Supreme Court Justice Samuel Alito has been lying in public for a long time. His attempt to blame his wife for flying an upside down American flag, a symbol of MAGA defiance, at his Virginia home shortly after the January 6 insurrection is only the latest in a series of high-profile prevarications dating back to his 2006 Senate confirmation hearing.
Nominated to the Supreme Court by George W. Bush to replace the retiring Sandra Day O’Connor, Alito’s confirmation was all but guaranteed as Republicans held a 55-seat majority in the upper chamber. Yet despite taking an oath to tell “the truth, the whole truth, and nothing but the truth” on day one of the four-day proceeding, Alito sought to portray himself as a judicial moderate, misrepresenting his positions on a host of critical issues.
First and foremost, Alito lied about his views on abortion and Roe v. Wade (1973), which he called an “an important precedent of the Supreme Court” that had “been on the books for a long time” and had been “reaffirmed” by the court, strengthening its value as settled law. Sixteen years later, with the court firmly in the hands of a hard-right majority, he showed his true colors, authoring the Dobbs v. Jackson Women’s Health Organization opinion that overturned Roe, proclaiming that Roe “was egregiously wrong from the start,” and that its reasoning was “exceptionally weak” and caused “dangerous consequences” for the country.
Short of expanding the court, which is a long-term political project, there is at least one thing supporters of impartial justice can do. We can, and must, expose Alito’s mendacity and corruption at every opportunity.

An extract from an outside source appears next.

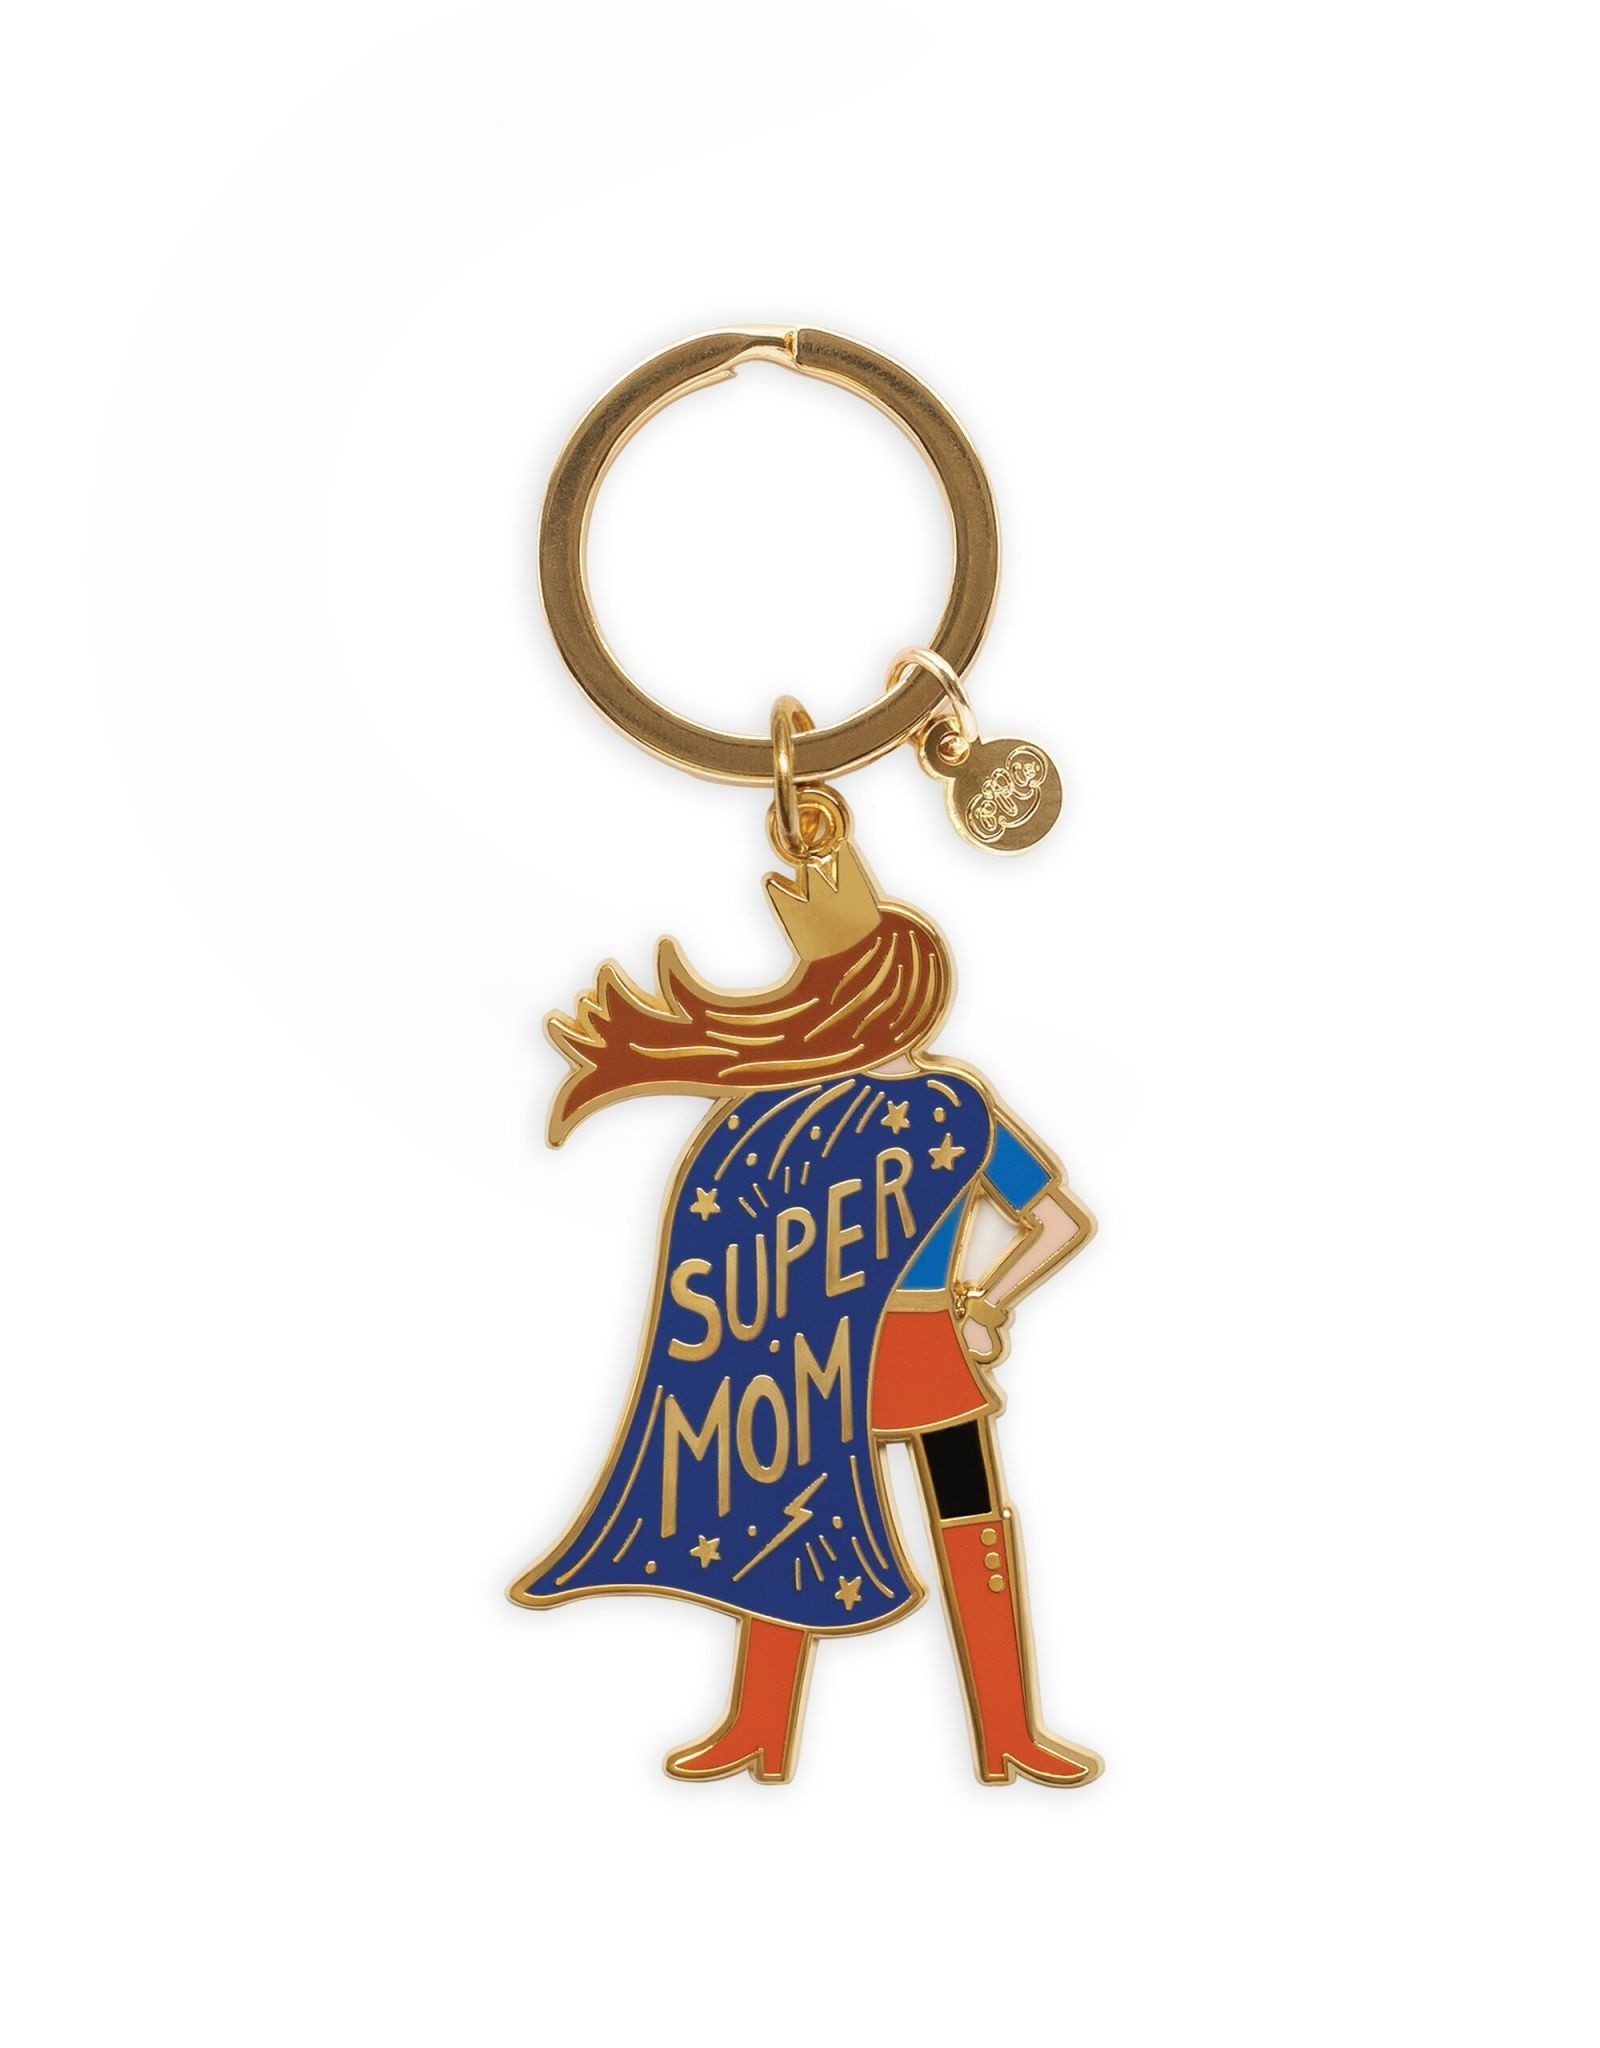 RIFLE PAPER COMPANY KEYCHAIN ENAMEL SUPER MOM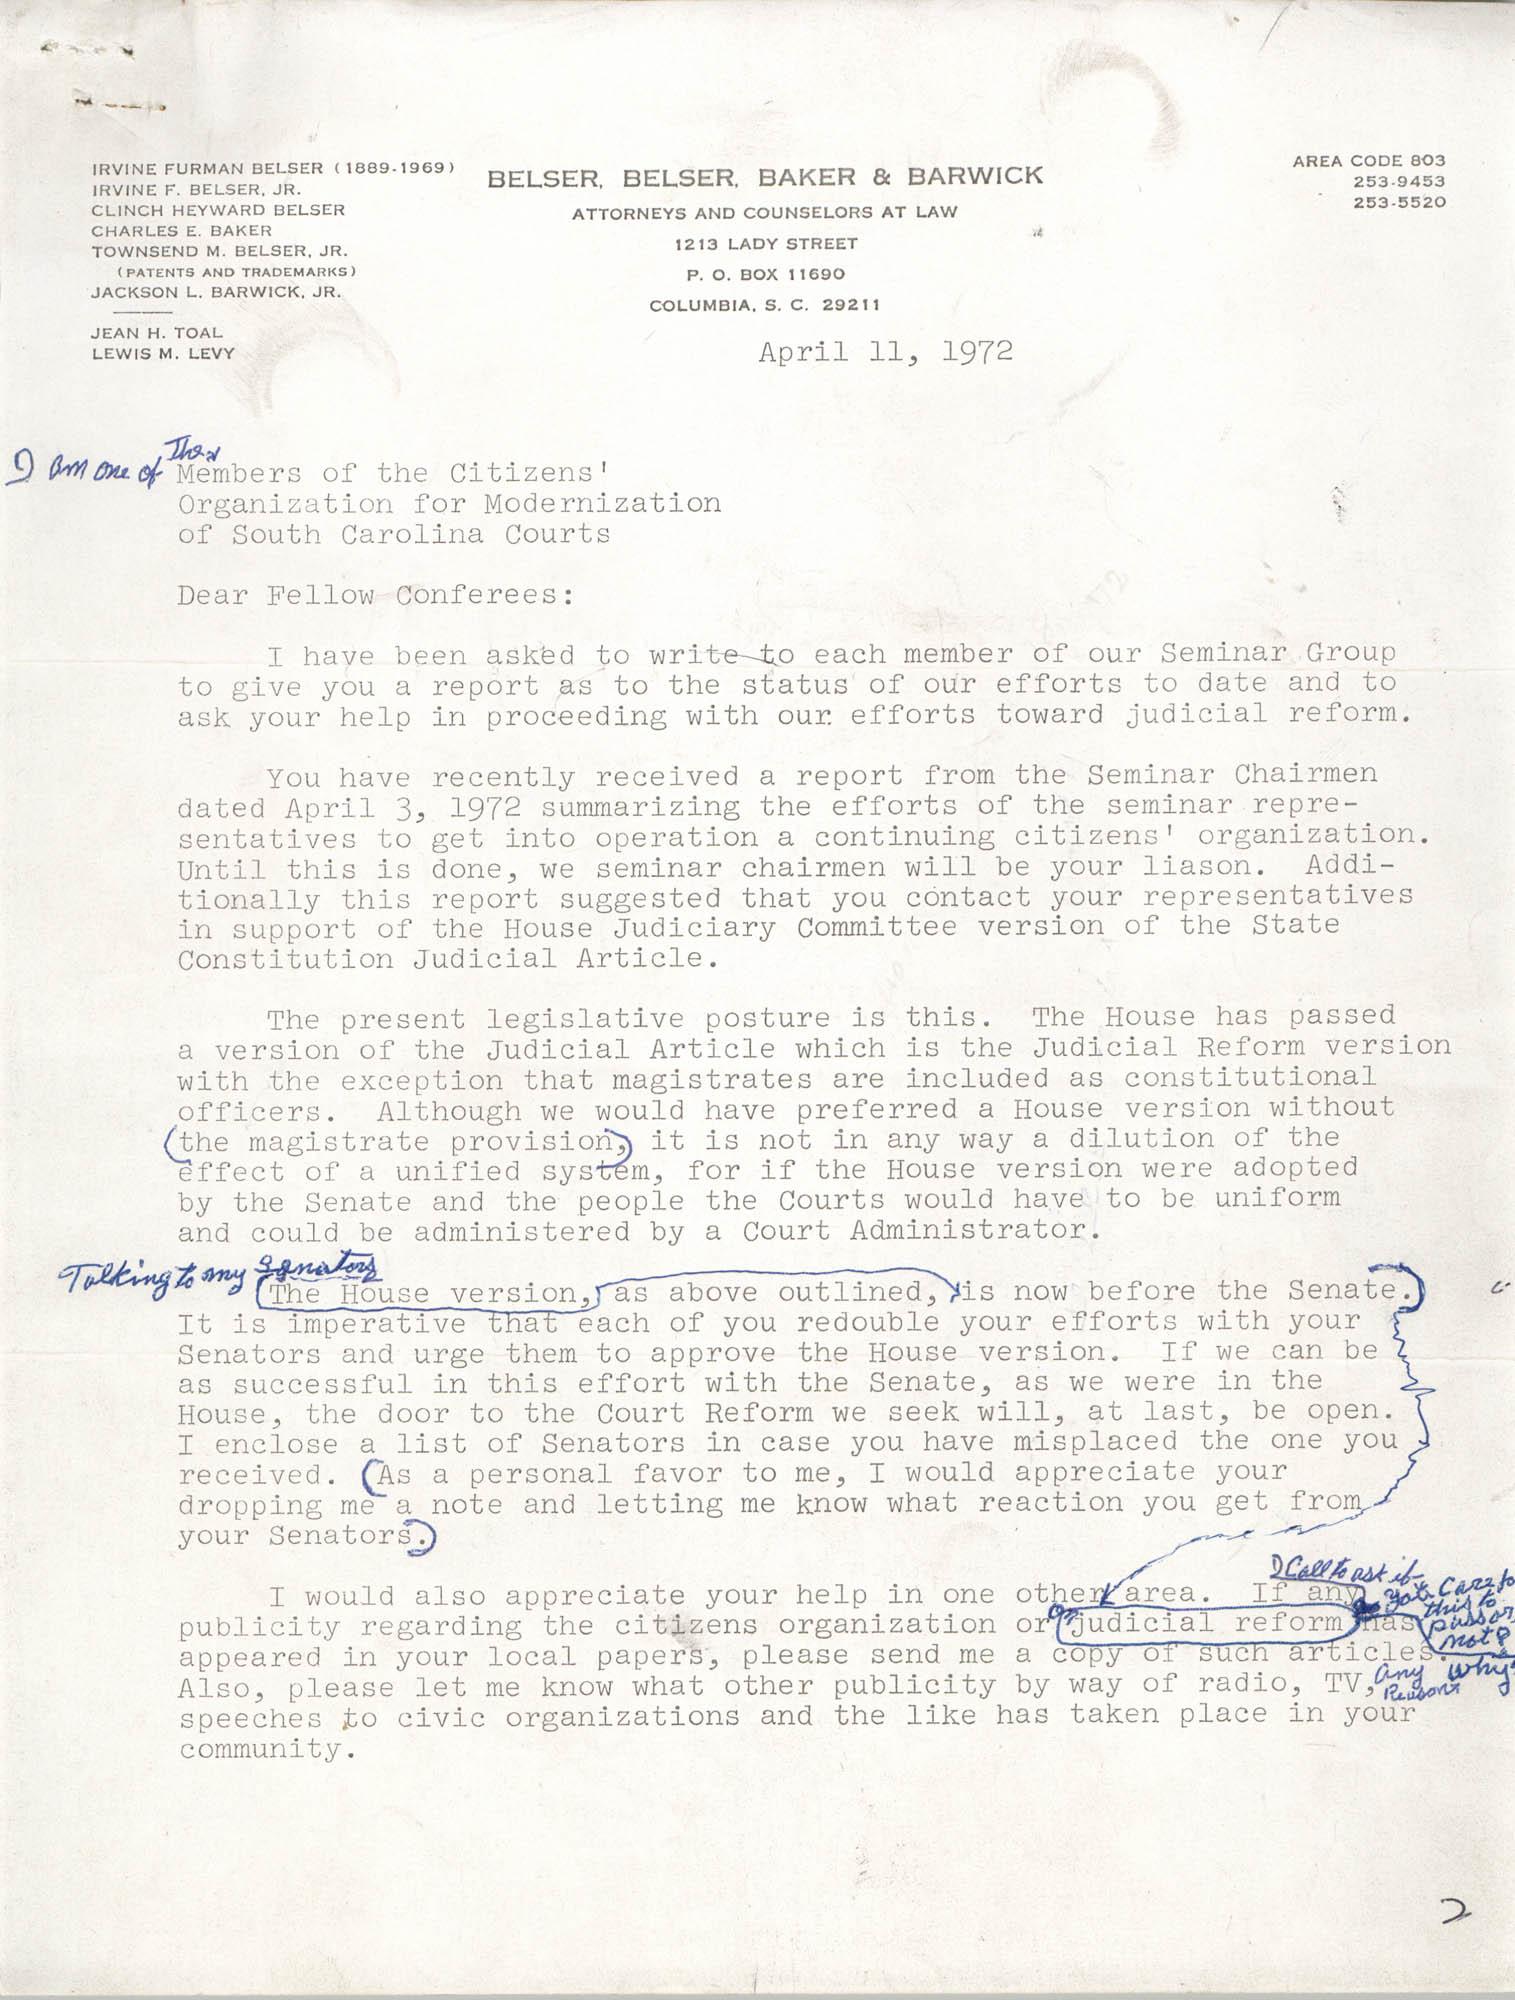 Letter from Jean Hoefer Toal, April 11, 1972

Alito similarly shaded the truth at his confirmation hearing about his support for a broad-based interpretation of presidential immunity and the “unitary executive” theory that advocates for an all-powerful presidency—questions that loom large before the Supreme Court in the election-subversion case brought by Justice Department Special Counsel Jack Smith against Donald Trump that the court will decide by the end of its current term. Alito was also suspiciously evasive about his membership in a now-defunct Princeton University alumni group that opposed the admission of women and tried to limit the enrollment of minority students.
None of Alito’s confirmation-hearing posturing was convincing or surprising. Long before the hearing, Alito had earned a well-deserved reputation as an aggressively hardcore Republican partisan, serving as a deputy assistant attorney general assigned to the Office of Legal Counsel from 1985-87 during Ronald Reagan’s second term as president; working as the U.S. attorney for the District of New Jersey from 1987 to 1990; and sitting as a federal appellate judge on D.C. Circuit Court of Appeals from 1990 to 2006.
As a federal judge, he was given the nickname “Strip-Search Sammy” for a dissenting opinion he penned in 2004 in a drug-raid appeal from Pennsylvania, in which he approved of the strip search of a 10-year-old girl who was not a suspect in the case. Although he claimed at his confirmation hearing that he “wasn’t happy” about what had happened to the child, he insisted his dissent was based solely on a technical application of the Fourth Amendment.
On the Supreme Court, Alito has operated very much in keeping with his strip-search moniker, ruling in favor of defendants in only 20% of the criminal cases that have come before him. The court’s next most pro-prosecution justice, Clarence Thomas, has voted in favor of defendants at a 25% rate.
Like Thomas, Alito has also come under fire for alleged ethics violations while on the Supreme Court. As reported by ProPublica last year, he took a luxury fishing trip to Alaska in 2008, flying for free aboard a private jet owned by Republican megadonor Paul Singer and staying, all-expenses paid, at an opulent rustic lodge owned by the businessman. Alito not only failed to disclose the trip on his annual financial disclosure forms, but he also failed to recuse himself from participating in a case involving Singer’s hedge fund that the court decided in the fund’s favor in 2014.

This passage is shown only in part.